IBM Corp. delivered the kind of upbeat earnings report and forecast that’s been rare in the beleaguered technology industry of late but also said it will lay off 1.5% of its workforce, or about 3,900 employees, amid the gathering clouds of a likely global recession.

Revenues of $16.69 billion fell slightly from $16.70 billion a year earlier but rose 6% in constant-currency terms and came in well ahead of consensus estimates of $16.15 billion. Net income rose 15% from a year ago, to $2.71 billion, or $2.96 a share. Adjusted earnings of $3.60 a share also beat analysts’ estimates of $3.59 a share.

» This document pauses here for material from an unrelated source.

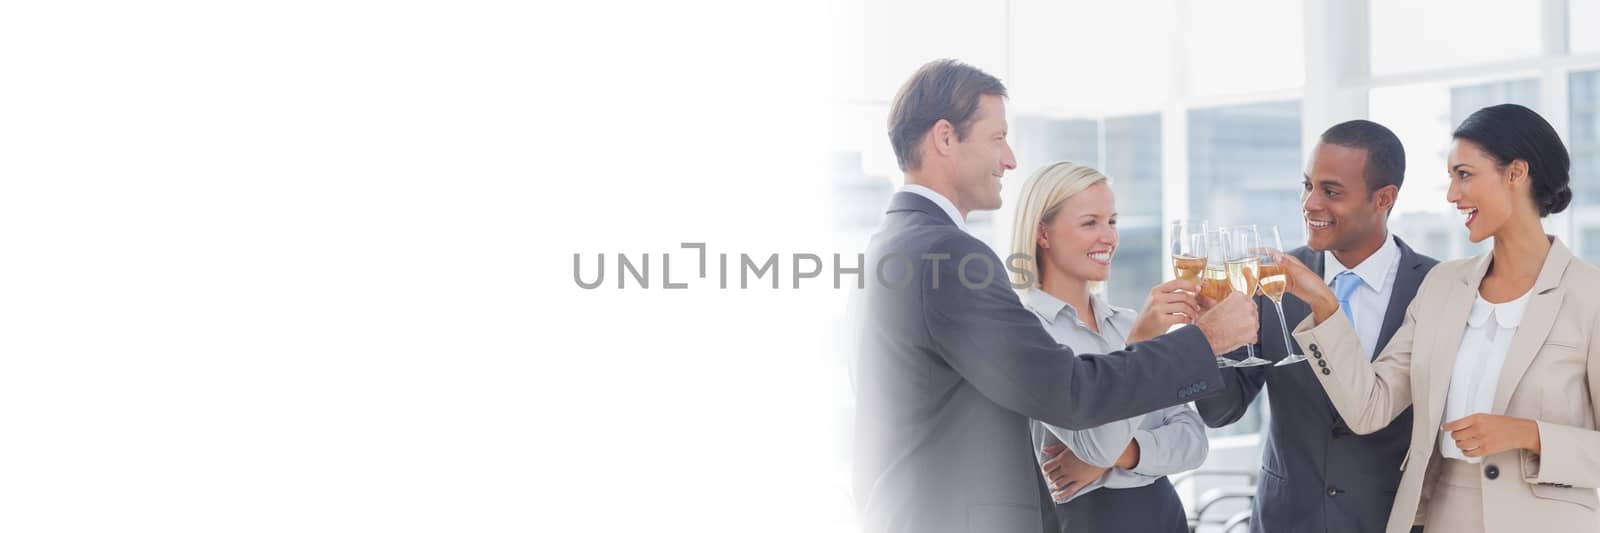 Digital composite of business people celebrating with champagne transition

The positive results came despite the fact that Big Blue said the strong U. S. dollar dragged down overall revenue by more than $1 billion.

‘Stranded costs’

IBM executives didn’t refer to layoffs in their call with analysts but Chief Financial Officer James Kavanaugh told Bloomberg that the job cuts will focus on workers who remained after the spinoffs of the Kyndryl and Watson Health businesses. On the earnings call, Kavanaugh referred to the surplus employees as “stranded costs” that “will be addressed early in the year and result in a charge of about $300 million in the first quarter.”

Chief Executive Arvind Krishna was effusive about the success the company is seeing with its business model focused on hybrid cloud and artificial intelligence. “Clients in all geographies increasingly embraced our hybrid cloud and AI solutions as technology remains a differentiating force in today’s business environment,” he said in a statement.

Krishna said IBM expects 2023 full-year revenue growth to be in the mid-single digits, in line with its previous forecasts. However, Kavanaugh later told analysts that they should expect growth to be in the “low single digits.”

“Multicloud has been working well for IBM based on the strength of its OpenShift portfolio,” said Holger Mueller, vice president and principal analyst at Constellation Research Inc. But the company’s reliance on its service business runs “the risk that IBM will neglect software for the sake of services. They are a services business with an adjunct software business.”

Cash flow challenge

The only dark cloud in the results was the reported free cash flow of $10.5 billion, which came up short of the consensus forecast of $11.1 billion. IBM had previously forecast $35 billion in total free cash flow through 2025, leaving it with a steep hill to climb to get there.

Krishna told Barron’s that the original cash flow forecast didn’t anticipate the impact of exiting from the Russian market or the dollar’s strength. But he said he’s sticking with the forecast for now.

In early after-hours trading on the New York Stock Exchange, IBM stock drifted a little more than 2.5% lower. The stock is 3% above its price of a year ago, a claim few information technology vendors can make.

Software revenue grew 8% at constant currency rates, consulting revenue rose 9% and infrastructure sales edged up 7% percent at constant currency. Red Hat revenue grew 15%, automation revenue was up 9%, security sales increased 10% and data/AI revenue grew 8%. The annual recurring revenue across all those businesses is $13.3 billion, Kavanaugh said.

Krishna told Barron’s that IBM is seeing strength in its consulting and recurring software revenue base, although infrastructure sales will probably fall in 2023 after last year’s boost from a mainframe refresh cycle. Sales of zSystems mainframes rose 21% in the fourth quarter.

In downgrading IBM stock last week, Morgan Stanley said the company will have a tough time beating last year’s performance in mainframes and enterprise license agreements because of the end of the mainframe refresh and a general economic slowdown.